An article in Medium, “Christianity, Ross Barnett, and White Supremacy” notes: “Christianity has been weaponized throughout the ages, and its weaponization undergirds white supremacy. For all of the talk of God creating everyone equal, what do the actions of a lot of Christian churches show?” The author goes on to say, “By ignoring the blood-stained soul of America’s conscience, the burned earth of Jim Crow, and the shut doors of mass incarceration, Christians fall back on Genesis 1:27 that God created everyone in his image. While I believe this, I also believe that this is a copout and deflection away from the issues that affect God’s creations. The greed and prejudice behind such statements uphold white supremacy, twisting the Bible to fit one’s position.”

When have we kept silent or tried to silence others in the face of systems, structures and polices that have allowed the evil to run rampant and destroy the Canaanite woman’s little girl?

As we read the news and watch this pandemic’s impact unequally injure those already pushed to the margins and eating crumbs, what will we say? Who will we be in this story of Jesus’ transformation? WWTCWD? What would the Canaanite woman do? Are we willing to stand with her and do it, too? Will we refuse to be silenced when children’s lives are at stake? Will we persist with those who have the power to make a difference for those unable to advocate for themselves? Will we stop making others swallow tyrannies that will sicken and kill them? Will we, like the Canaanite woman and as Audre Lorde argues, break the silences and bridge the difference between us, “for it is not the difference that immobilizes us, but silence. And there are so many silences to be broken.”

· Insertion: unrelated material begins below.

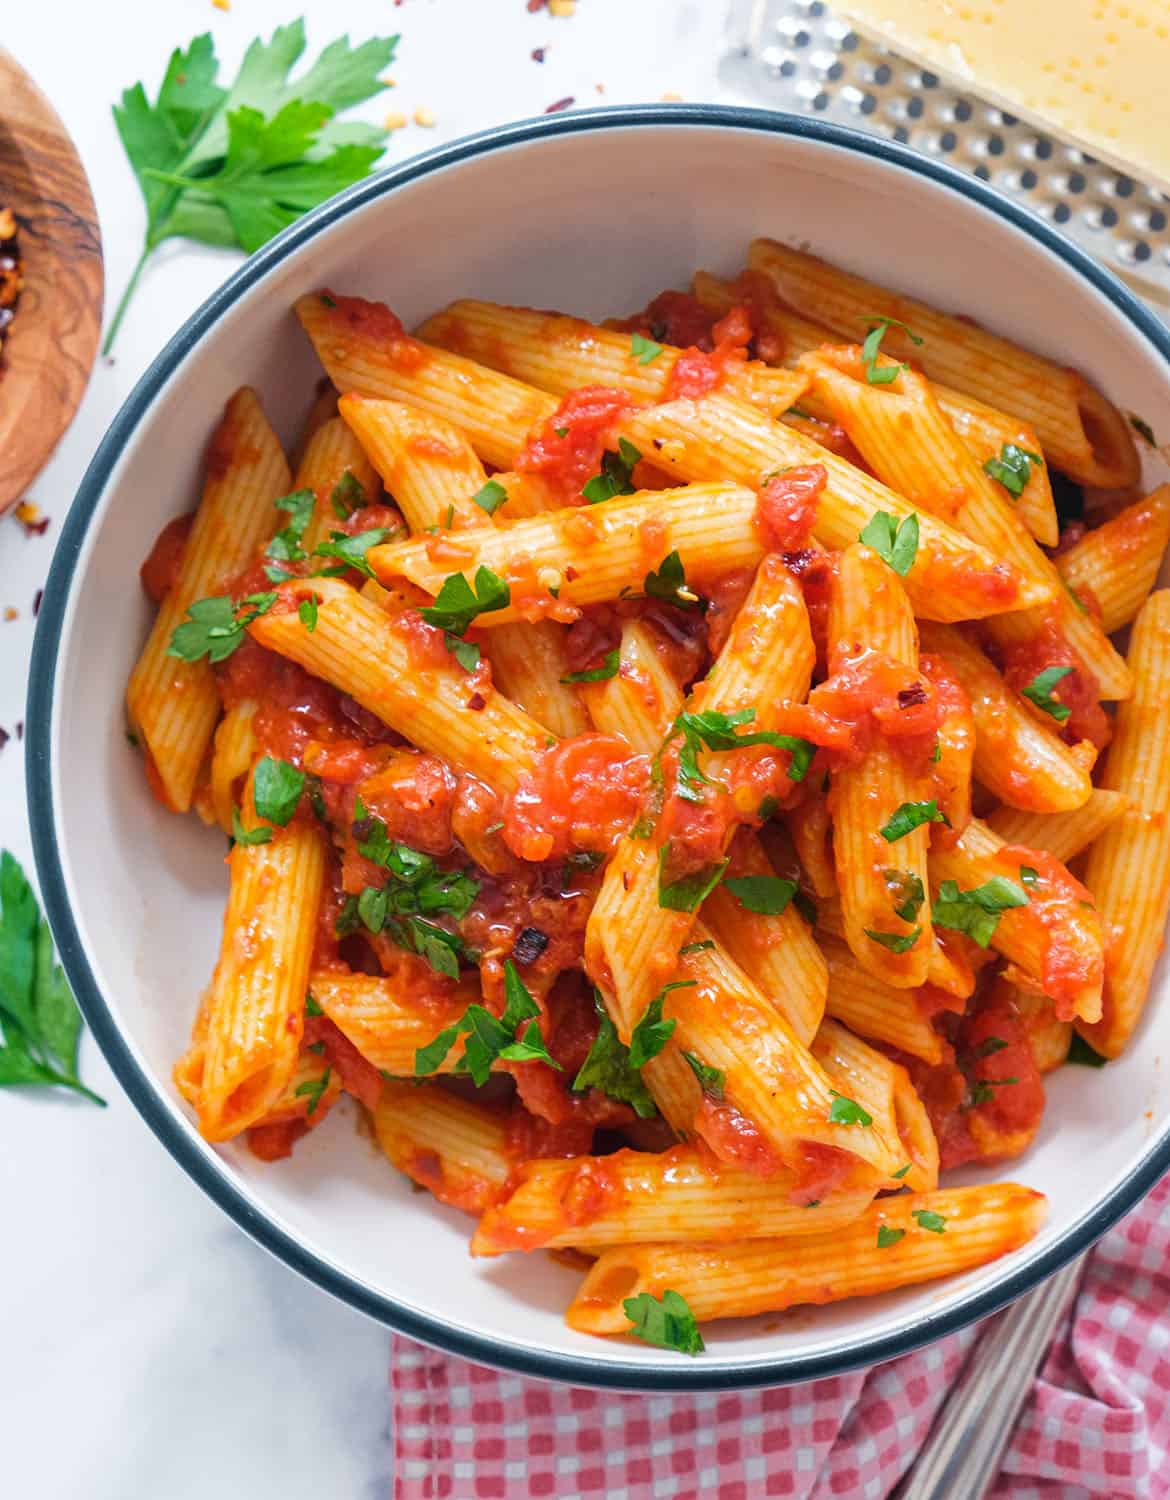 Penne Arrabbiata, easy & quick! - The clever meal

Perhaps that begins by asking ourselves: What would the Canaanite woman do? And then act upon the answer.

This week:

  1. Who are you in this story from Matthew? When you imagine the scene, what do you feel? How do you want to respond to the Canaanite woman?
  2. When have you advocated relentlessly on behalf of another? Who in your community is akin to the Canaanite woman’s daughter?
  3. What do you make of Jesus’ silence and initial refusal to help? How do you reconcile that with the Jesus we read about in other biblical stories? The Jesus you know?
  4. Does the woman change Jesus’ mind? Expand his understanding? Why or why not?
  5. When have you had an encounter with someone that changed your understanding, your mind, your actions?
  6. What silences need to be broken in your family, church, community, this country?